Issue #2: Should Mr. Findlay have paid $150.00 per month for child care expenses between September 1, 2019, and September 26, 2022?

[58]         To determine if Mr. Findlay is entitled to a reimbursement of the $150.00 child care expense he paid between September 1, 2019, and September 26, 2022, I must answer the following three questions:

a.     Has Mr. Findlay established that a material change of circumstances has arisen since the Consent Order was issued, justifying a reconsideration of child support?

b.    When did the parties’ children stop requiring child care?

c.     Should Mr. Findlay’s obligation to pay child support be terminated as of the date his children stopped requiring child care?

[59]         I will now address each question.

a.     Has Mr. Findlay established that a material change of circumstances has arisen since the Consent Order was issued justifying a reconsideration of child support?

[60]         Mr. Findlay asserts that his children stopped requiring child care in September of 2019 when his youngest child, Olivia, was 11. He continued to pay $150 per moth toward child care costs thereafter until September of 2022. Ms. Bent does not contest these facts.

[61]         The fact that none of Mr. Findlay’s children were in child care as of September 2019 constitutes a material change in circumstance which permits me to consider whether a change in the child care expense provisions of the Consent Order is appropriate.

b.     When did the parties’ children stop requiring child care?
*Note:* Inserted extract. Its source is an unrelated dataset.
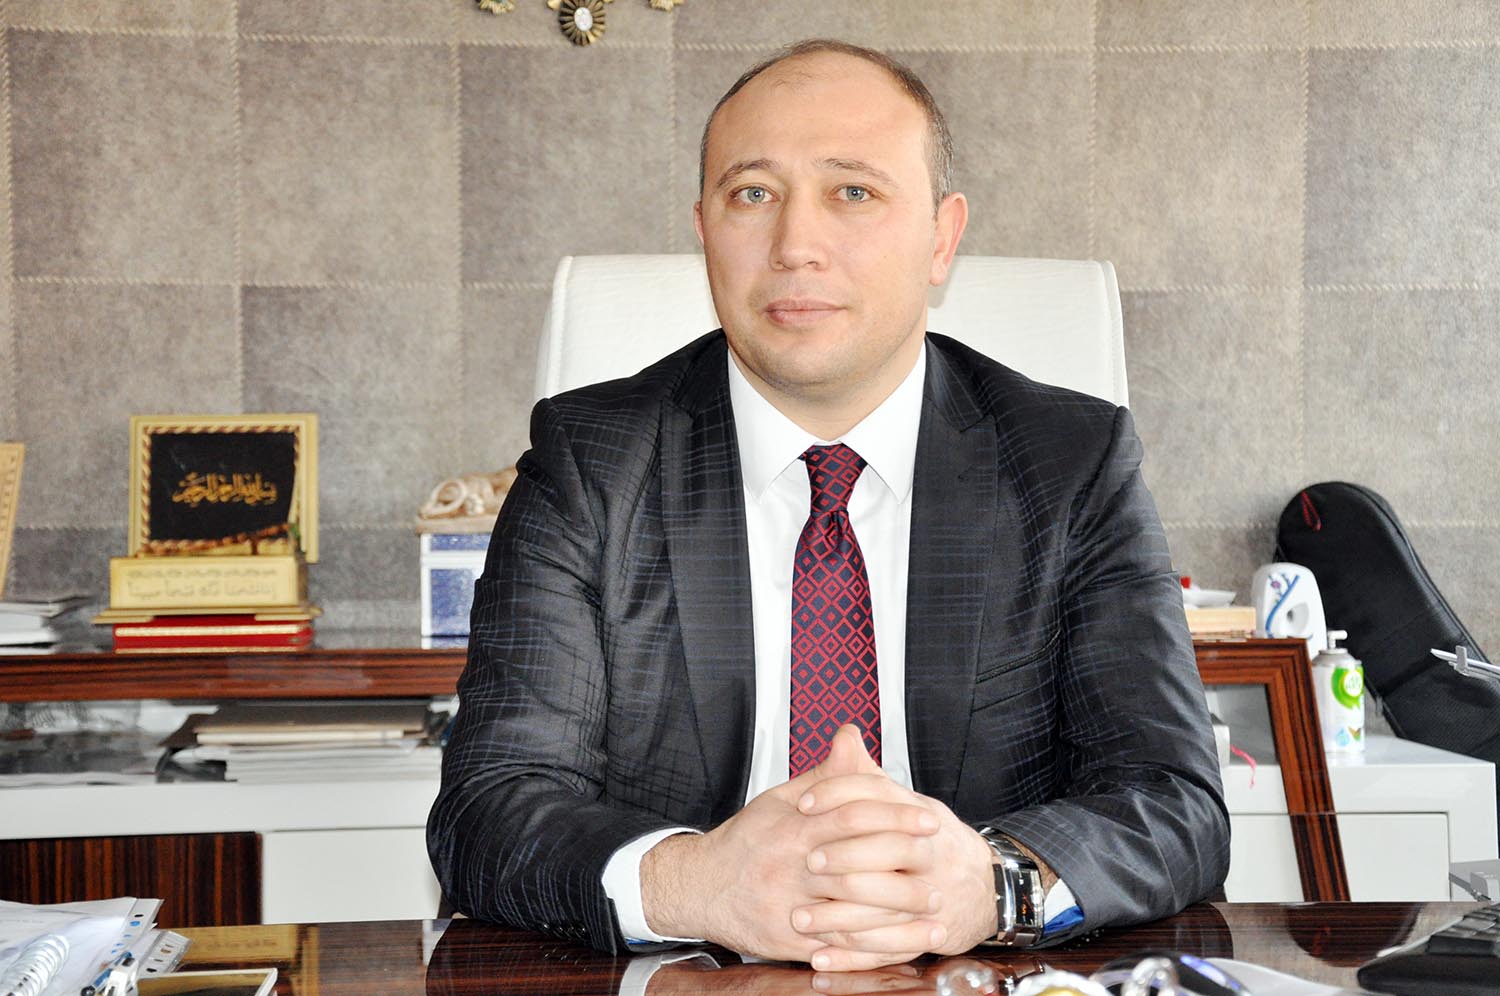 Baloğlu, Kırıkkale Üniversitesi’nin personel alım ilanını eleştirdi - Kırıkkale Haber, Son Dakika Kırıkkale Haberleri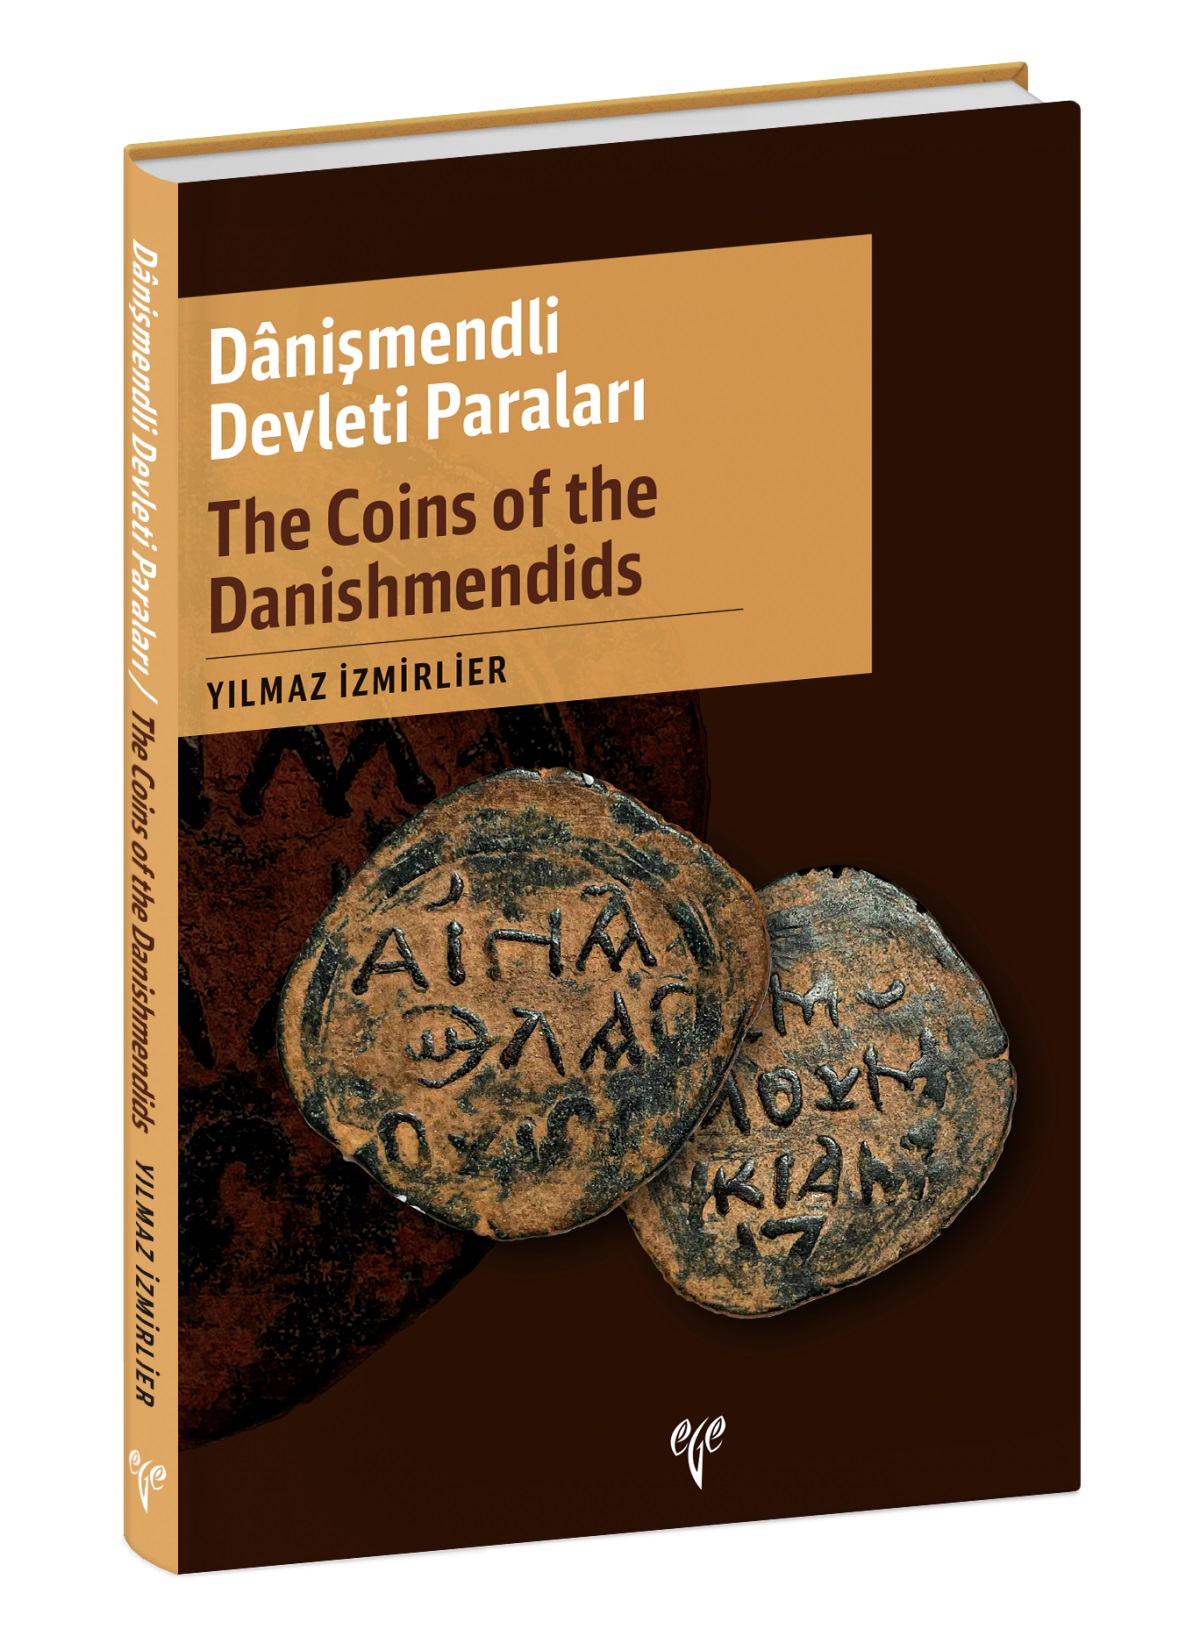 Izmirlier, Yılmaz : The Coins of the Danishmendids / Danişmendli Devleti Paraları

[62]         As noted, the parties’ youngest child stopped requiring child care in September of 2019. The parties agree as to this date.

c.      Should Mr. Findlay’s obligation to pay child support be terminated as of the date his children stopped requiring child care?

[63]         Mr. Findlay’s obligation to pay $150.00 per month for child care expenses is set out in paragraph 7 of the Consent Order. The requirement is specific in that the payment was “towards the child care expenses.”

[64]         I find that Mr. Findlay’s obligation to pay $150.00 per month in respect of child care ceased once the parties’ children stopped requiring child care that expense was no longer being incurred.

[65]         Mr. Findlay paid Ms. Bent $5,500.00 in respect of child care expenses between September of 2020 and September of 2022. Mr. Findlay is entitled to reimbursement by Ms. Bent in this amount.

[66]         The parties have agreed that the amount of the child care expense overpayment, which I have set at $5,500, should be held in abeyance pending adjudication of Ms. Bent’s claim for retroactive repayment of child support and special or extraordinary expenses. I direct that overpayment be held in abeyance on the condition that that issue is placed before the court for adjudication within one year of the date of this decision. If the matter has not been adjudicated within one year, the overpayment amount will due and payable and will be set off against child support payable by Mr. Findlay in the amount of $220.00 per month for twenty-five months.

[67]         The Family Division Scheduling Office will contact the parties to schedule a conference to schedule the trial of Ms. Bent’s retroactive repayment claim.

[68]         I will ask that Ms. Shackleton prepare the order.

[69]         The parties shall provide their written positions regarding costs within one month of this decision.

 

                                                                                      Ingersoll, J.